Nell’Occidente medievale le parole avevano un valore performativo. Indubbiamente questo pensavano i vescovi quando fulminavano le scomuniche caricate del loro bagaglio di maledizioni (se ne è già parlato) o i monaci quando, in coda ad un atto di donazione di cui beneficiava il loro monastero, auguravano a chiunque avesse osato tentare di appropriarsi indebitamente del bene ricevuto, una serie di malattie tra le peggiori e di bruciare immediatamente all’inferno assieme ai peggiori peccatori della storia (Giuda, Pilato, Dathan, Abiron ecc.). In genere in questo tipo di operazione i monaci tendevano a saccheggiare le Sacre Scritture prelevando dal repertorio di maledizioni sparse nel Deuteronomio e nei Salmi. Naturalmente occorreva dimostrare che le parole non cadessero nel vuoto per cui si redigevano racconti utili allo scopo. Per esempio quello contenuto nei miracula di san Bavone di Gand in cui si narra di un tal Sigero, signorotto del luogo, il quale, oltre a farsi predatore dei beni del monastero del santo, offese quest’ultimo indirizzandogli tutto il suo sarcasmo nel gridare, mentre si percuoteva una gamba, che san Bavone altro non era se non l’equivalente di una pustula nella tibia. Egli venne allora maledetto e scomunicato e poco tempo dopo gli si aprì una ferita infetta gravissima proprio, guarda caso, nella tibia che si era toccato mentre offendeva il santo.
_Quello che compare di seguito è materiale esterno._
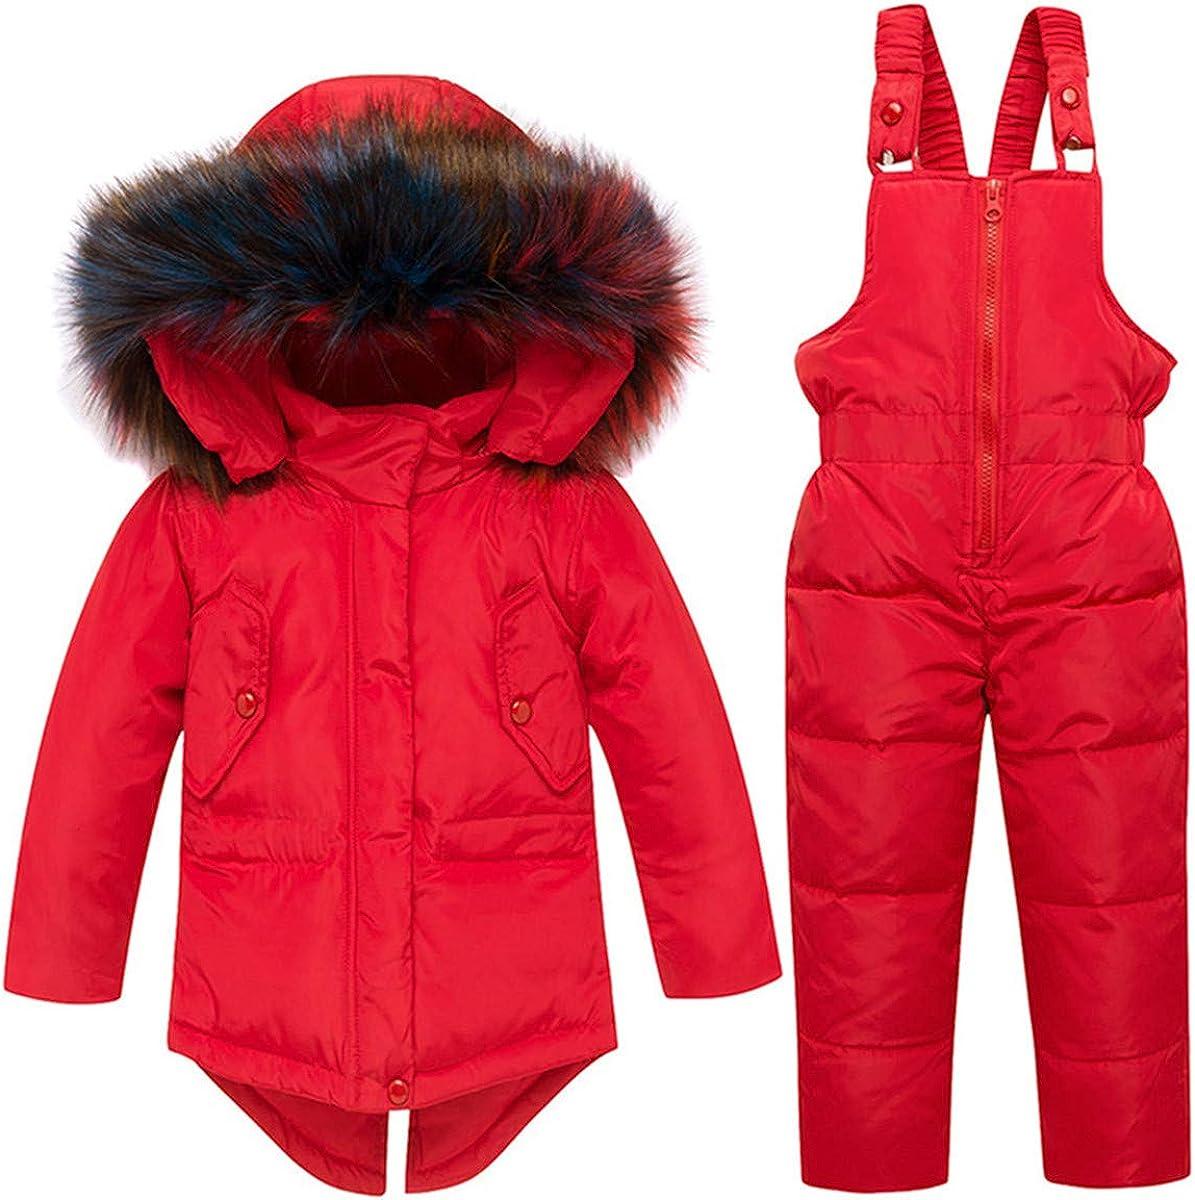 REWANGOING Baby Girls Winter Warm 2pcs Fur Trim Hooded Puffer Down Jacket Snowsuit+Snow Ski Bib Pants Set Outfits

Ma le parole potevano anche guarire. Esse erano pronunciate, scritte, ma anche mangiate e bevute. Alla malattia si poteva comandare di uscire dal corpo con gli stessi imperativi usati negli esorcismi; molte erbe medicinali avevano efficacia se raccolte mentre si pronunciava il Pater Noster; alcune formule dovevano essere scritte in piccoli fogli di pergamena ripiegati che il malato doveva indossare senza leggerne il contenuto; in qualche caso si doveva sciogliere l’inchiostro della formula scritta nella pergamena in un bicchiere d’acqua da porgere come salutare bevanda al malato. Gli incantamenta terapeutici potevano prevedere parole dal suono oscuro, spesso di origine ebraica o greca di provenienza biblica, ma nella maggior parte dei casi erano preghiere, brani estrapolati dalle Scritture (Vangelo, Salmi), invocazioni a santi che, per qualche ragione, avevano un rapporto con la malattia: Santa Veronica, l’emorroissa dei Vangeli (così almeno in Occidente venne identificata), contro i sanguinamenti; Longino, il centurione che con la lancia ferì il costato di Cristo, contro le suppurazioni da ferita (la ragione era da vedersi nel fatto che la ferita di Cristo non si infettò); Apollonia contro il mal di denti (alla santa, durante il martirio, strapparono tutti i denti); Lazzaro, colui che era resuscitato, divenne un personaggio da invocare durante il parto.